The second category includes parts of two big government bills that were introduced in February, but were dropped when Parliament dissolved for the election campaign: the Prisons and Courts Bill and the Vehicle Technology and Aviation Bill. Like the Conservative manifesto, these have also been ‘pruned’ to account for the difficulty of passing any legislation without a parliamentary majority.
Bills affecting motorists
One element of the Prisons and Courts Bill that would directly affect motorists was the section on whiplash. This aimed to cut the cost of car insurance by capping the pay-outs for compensation and banning settlements being offered before medical evidence is provided. This fairly small change will now get a bill all of its own: the Civil Liability Bill. The government hopes it will cut insurance premiums by an average of £35 a year.
Automated and Electric Vehicles Bill
Two parts of the Vehicle Technology and Aviation Bill have now become the Automated and Electric Vehicles Bill. In the Government’s words, this aims to ‘put the UK at the forefront of automated vehicle ownership’ and ‘ensure a world-class infrastructure which supports the rapid adoption and use of electric vehicles’.
Driving uptake of new technology
These are, of course, very worthy goals, but the measures in the Bill itself are only small steps towards them.
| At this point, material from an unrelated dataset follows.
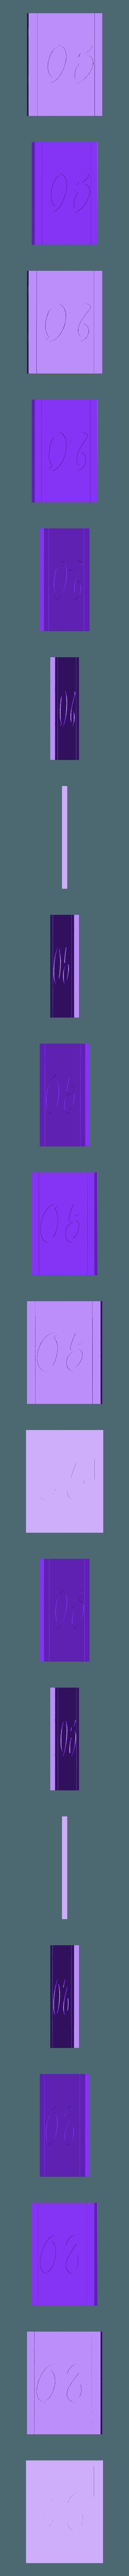 5_-_20.stl Download free SCAD file Perpetual Flip Calendar (W/ Customizable Font) • 3D printable model, Dsk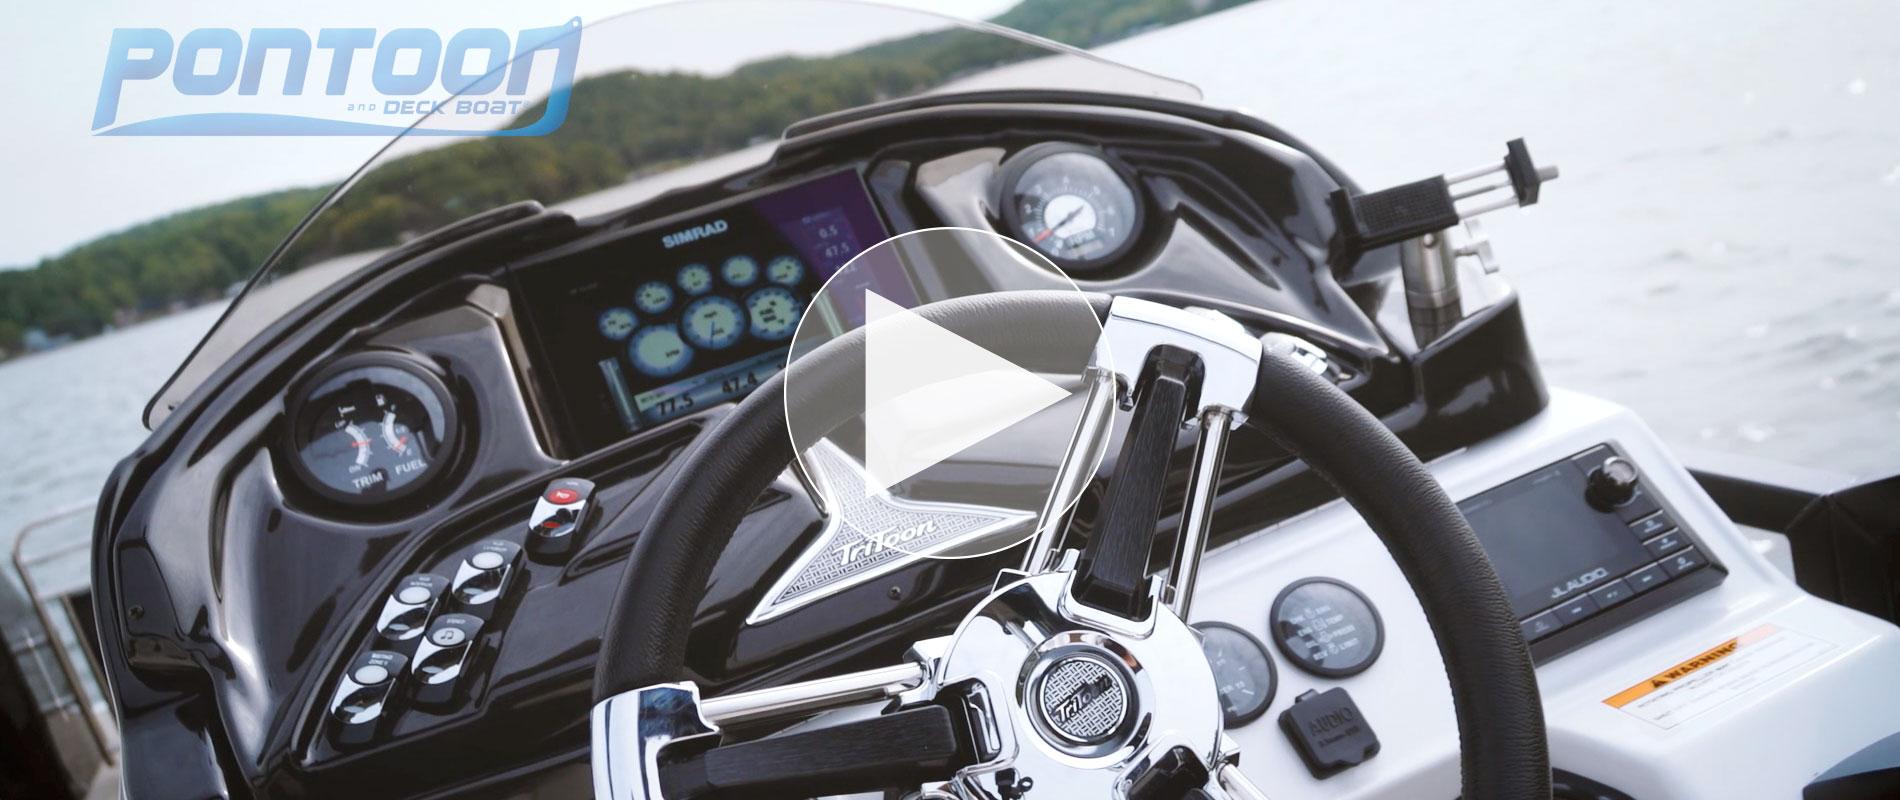 Sporttoon Pontoon Boats Jc Tritoon Marine Standard Boat Wiring Diagram Bass Magazine View Video Of The Deck 2018 Shootout Featuring 26tt Rfl

The Government plans to extend compulsory vehicle insurance to cover driverless cars, and to require motorway services and other large petrol stations to install electric charge-points. These are policies that will help encourage the development of autonomous cars and the uptake of electric vehicles, but neither of them are revolutionary and still do not take account of the problems for the UK’s delivery infrastructure or ‘grid’ that the (required) mass proliferation of charge points could cause.